Article 1er : Il sera, avant de statuer sur les demandes indemnitaires présentées par les consorts M., procéder à une expertise médicale.

Article 2 : L’expert sera désigné par le président du tribunal. Il accomplira sa mission dans les conditions prévues par les articles R.621-2 à R.621-14 du code de justice administrative.

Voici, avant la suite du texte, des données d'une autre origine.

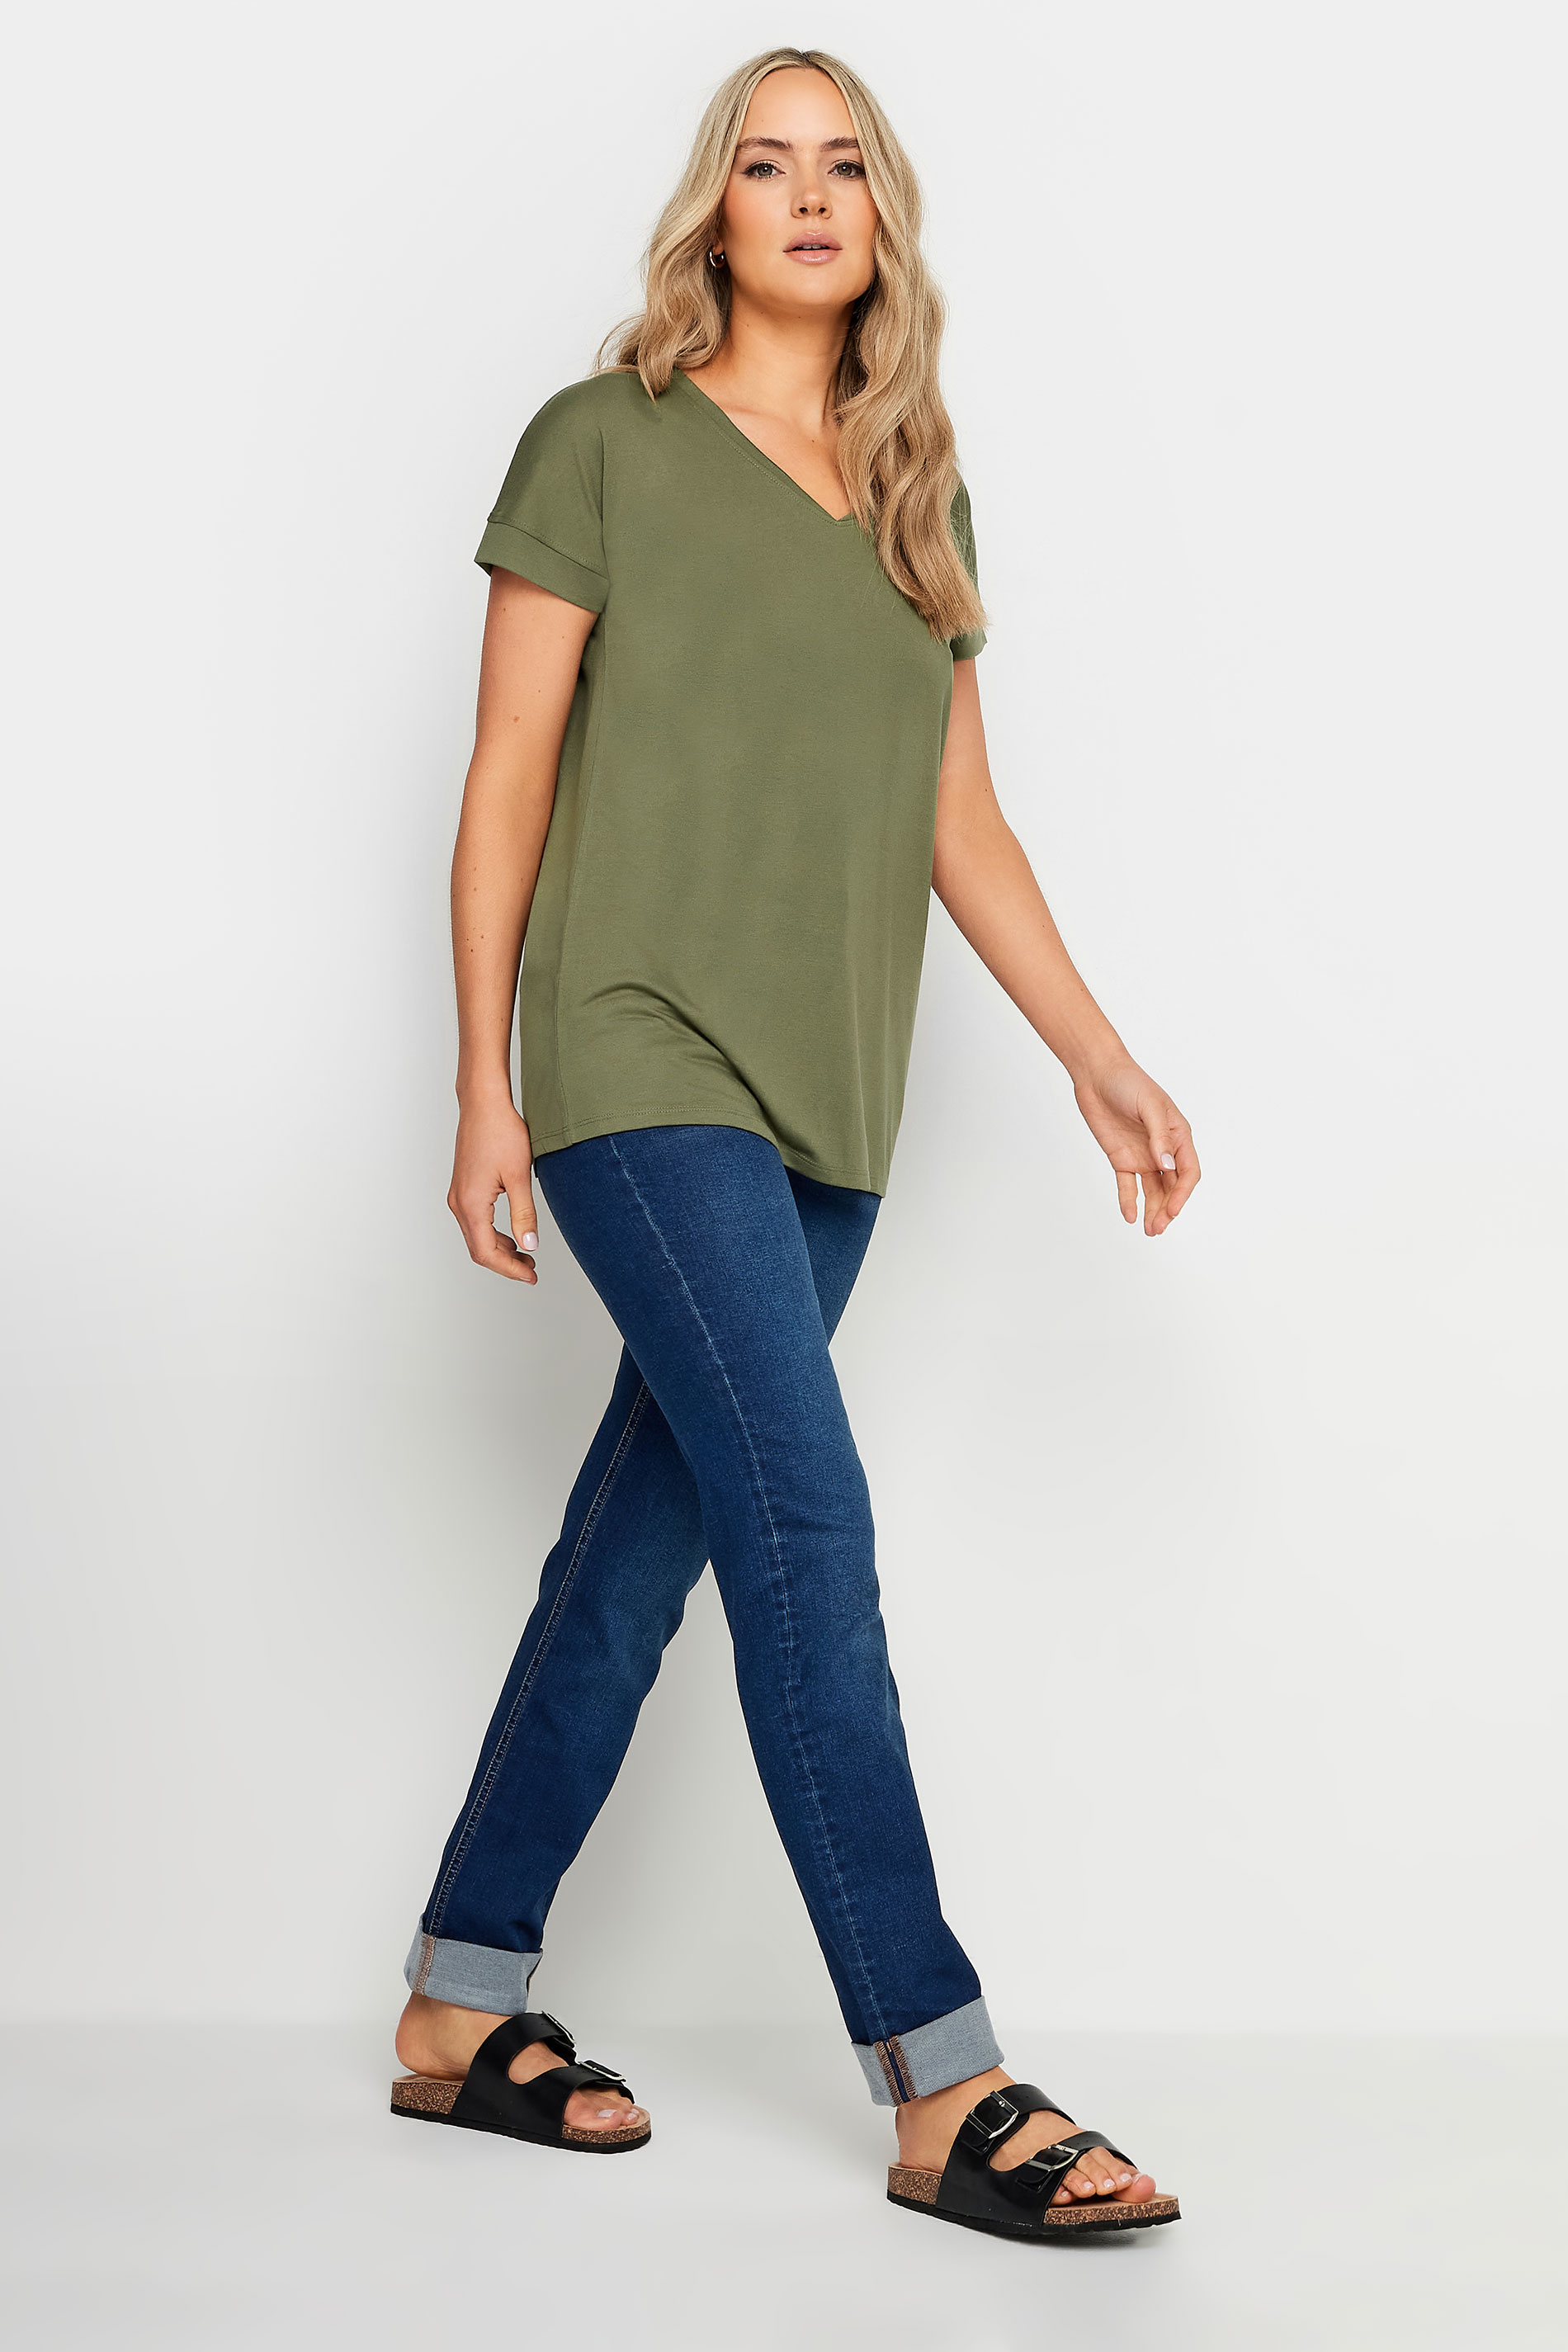 LTS PREMIUM Tall Women's Khaki Green V-Neck T-Shirt | Long Tall Sally 2
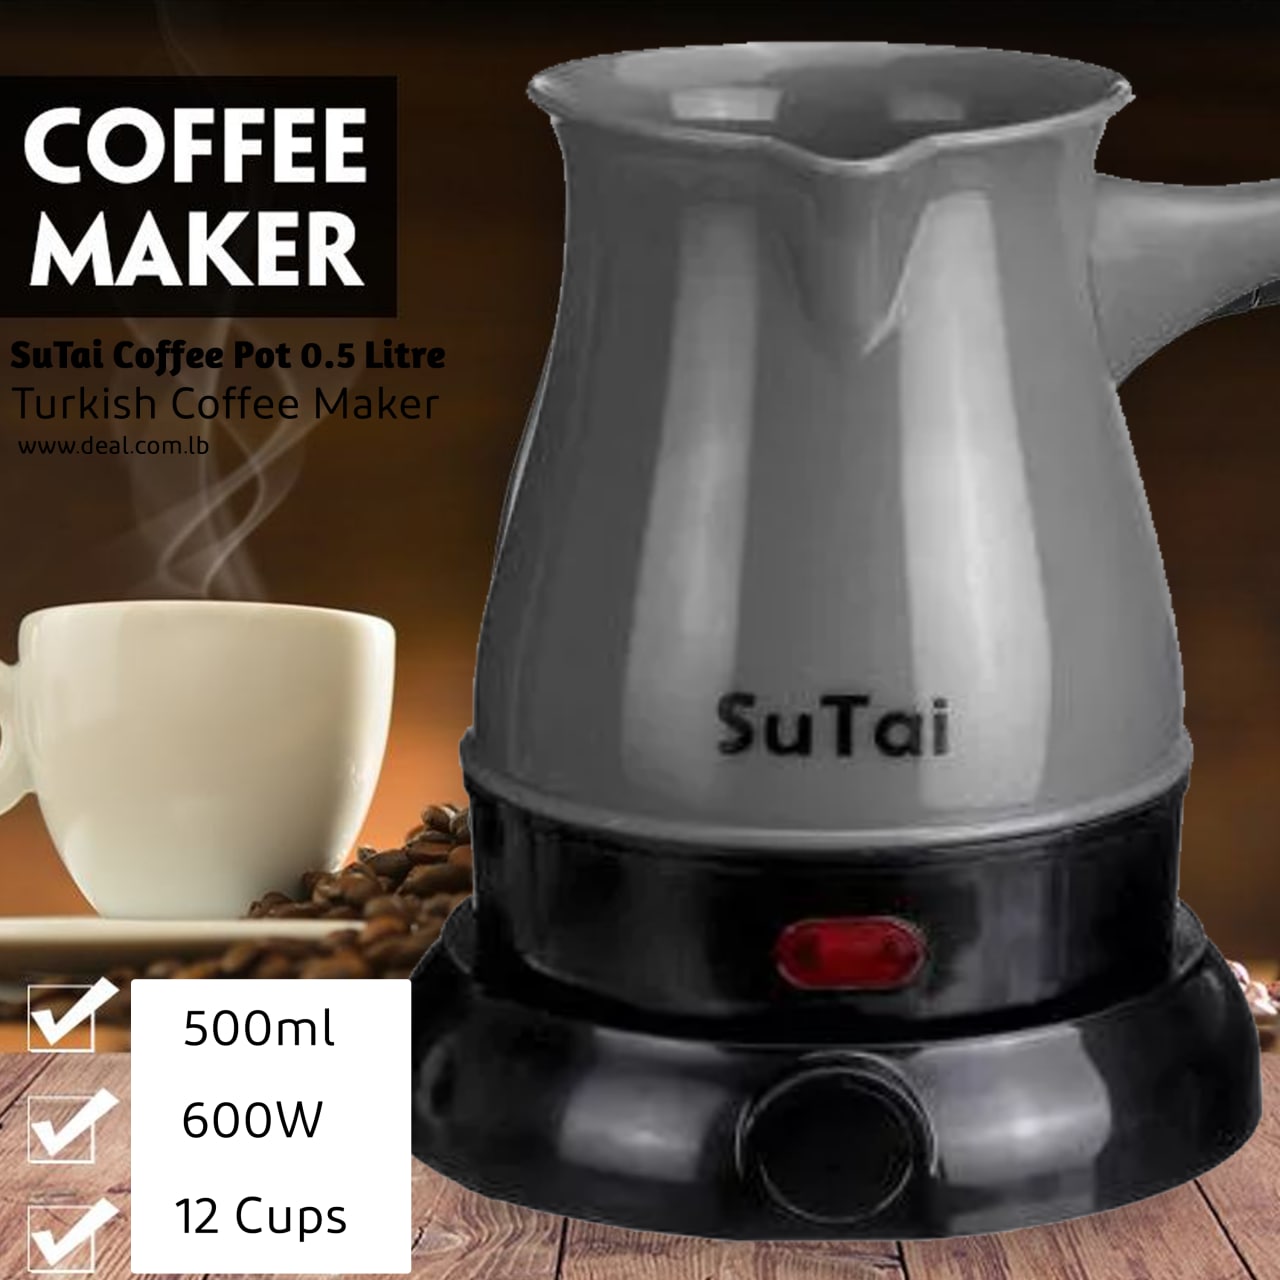 SuTai Coffee Pot 0.5 Litre | Turkish Coffee Maker

Article 3 : L’expert aura pour mission :

- de se faire communiquer l’entier dossier médical de M. M. détenu par le Centre hospitalier régional universitaire de Caen ainsi que tous autres documents médicaux utiles et notamment ceux qui seraient détenus par le centre hospitalier de Granville ;
- de décrire l’état de M. M. avant son admission au service des urgences du Centre hospitalier régional universitaire de Caen ;
- de dire si un diagnostic plus précoce aurait permis d’éviter l’accident ischémique sylvien dont M. M. a été atteint, et si les soins postérieurs au diagnostic ont été diligents et conformes aux données acquises de la science ainsi qu’aux règles de l’art médical ;
- de dire quel aurait été l’état de santé de M. M. après intervention, en l’absence de retard à l’intervention ou de tout autre cause de complication et l’évolution prévisible de cet état ;
- d’examiner M. M., de décrire son état actuel, de préciser si son état est consolidé et dans l’affirmative en fixer la date ;
- d’évaluer l’ensemble des préjudices de l’intéressé résultant du retard de diagnostic en déterminant le taux de l’incapacité permanente partielle, les souffrances physiques, le préjudice esthétique et le préjudice d’agrément, en chiffrant ces trois derniers chef de préjudice sur une échelle de 1 à 7 ;
- d’une manière générale, de fournir au tribunal tous éléments utiles à la solution du présent litige ;

Article 4 : Les frais de la présente expertise seront avancés par le Centre hospitalier régional universitaire de Caen.

Article 5 : Tous droits et moyens des parties sur lesquels il n’est pas expressément statué par le présent jugement sont réservés jusqu’en fin d’instance.